- **Work instruction**
A faithful copy is required. Print each line of the data exactly and omit the pictures.

- **Provided material**
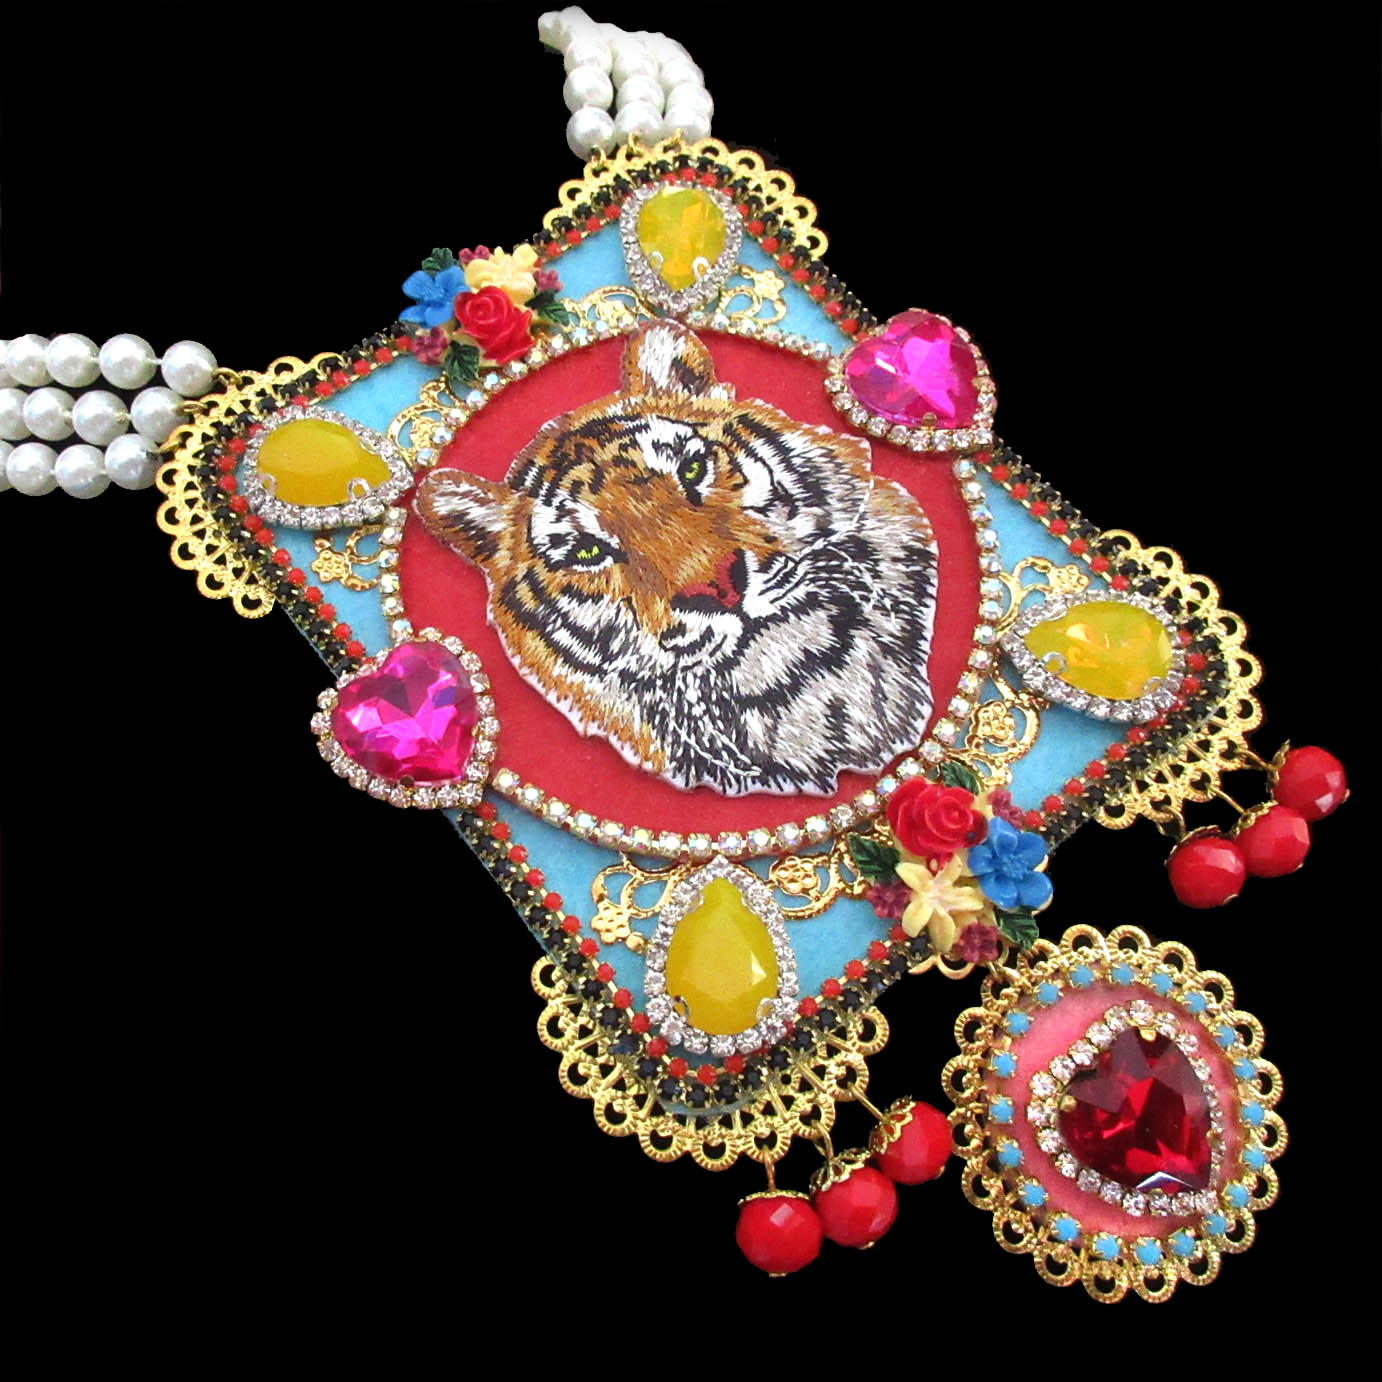 mouchkine jewelry luxury tiger necklace, ornate with an embroided tiger, pink glass hearts, yellow chipped citrine stones, and delicate red glass pearls.
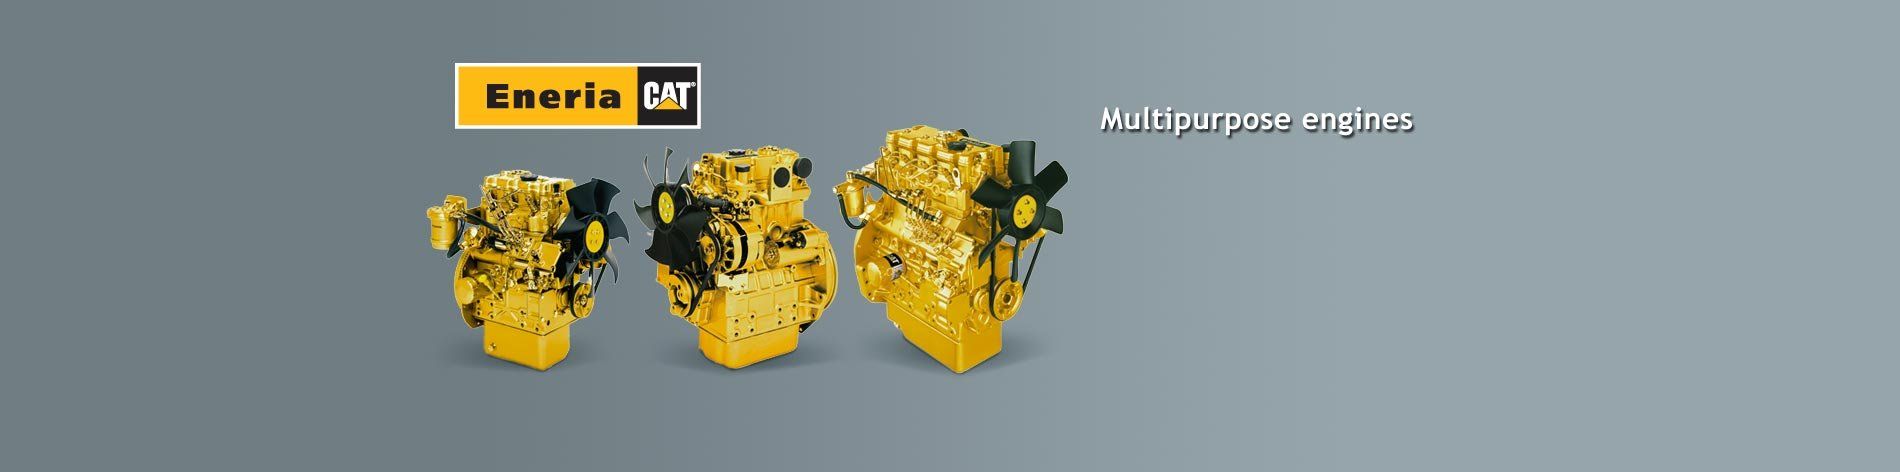 We offer you the complete line of Caterpillar diesel engines in many different versions.
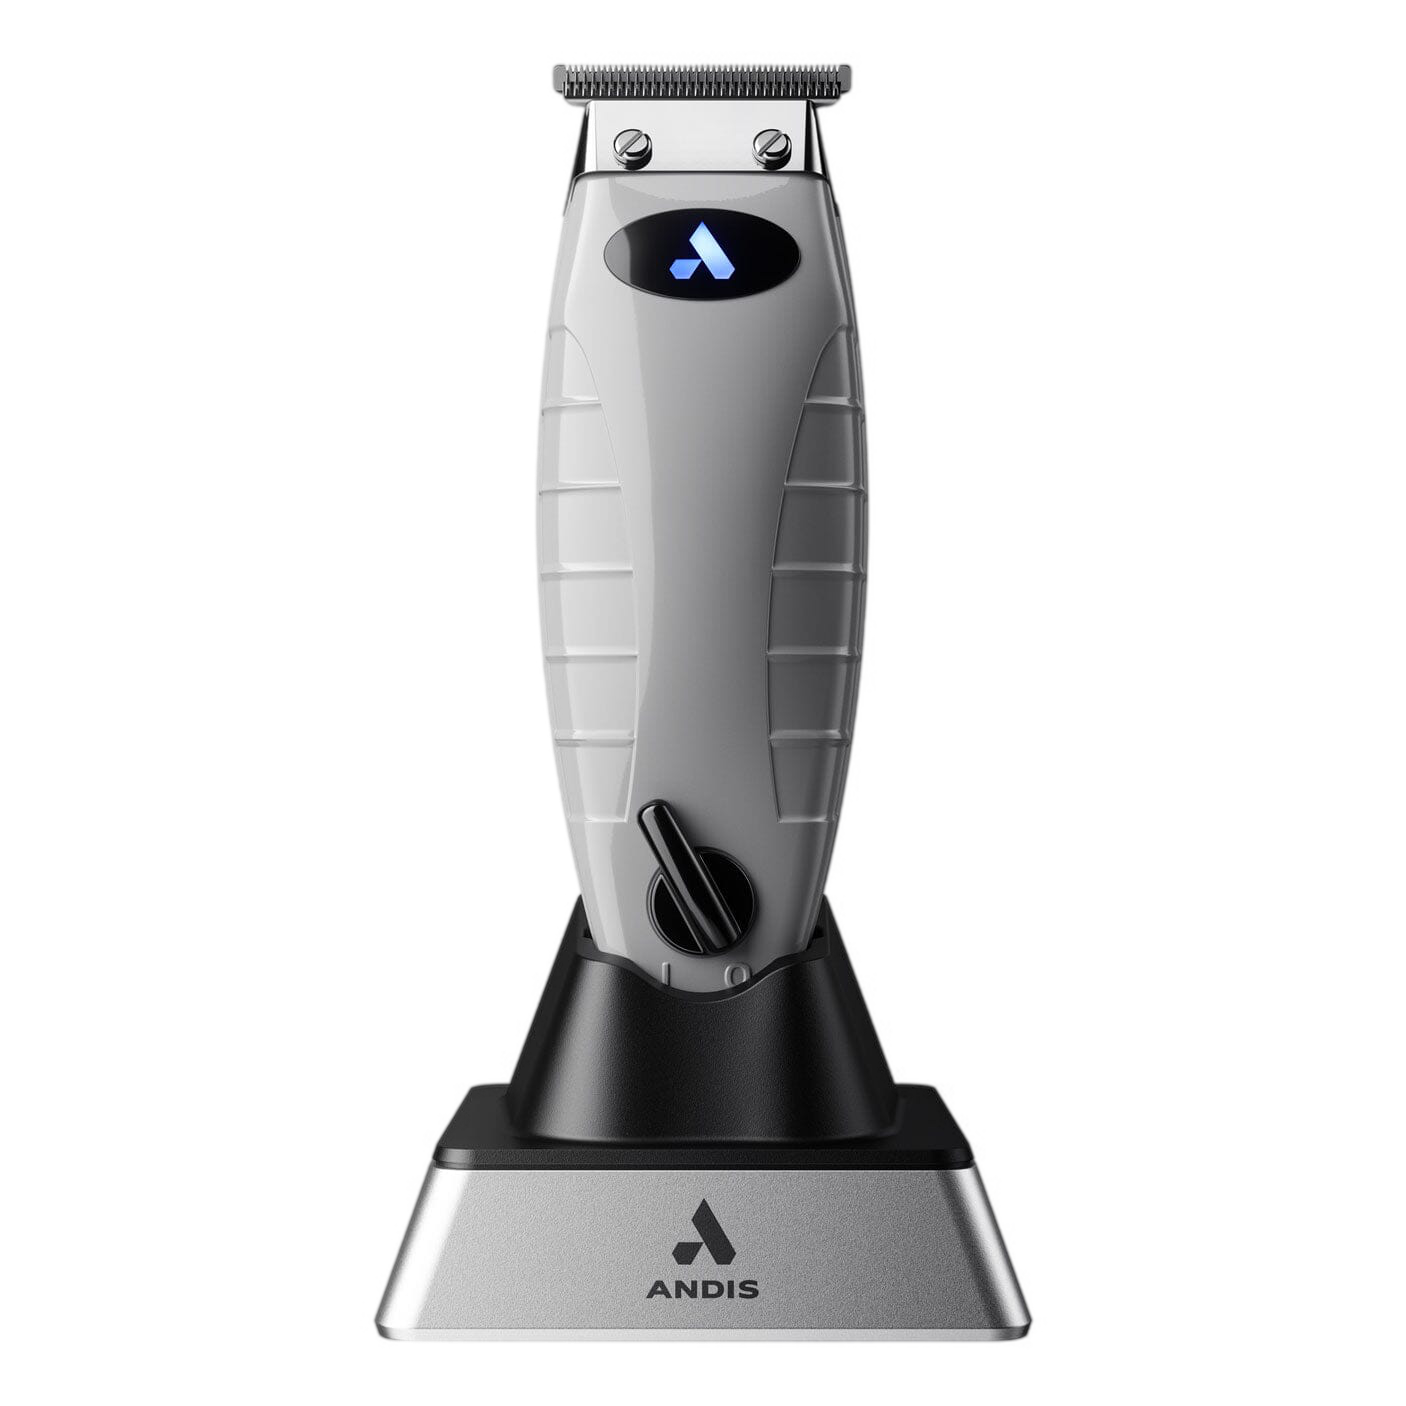 Andis Cordless T-Outliner Lithium T-outliner

- **Solution to the exercise**
 mouchkine jewelry luxury tiger necklace, ornate with an embroided tiger, pink glass hearts, yellow chipped citrine stones, and delicate red glass pearls.
 We offer you the complete line of Caterpillar diesel engines in many different versions.
 Andis Cordless T-Outliner Lithium T-outliner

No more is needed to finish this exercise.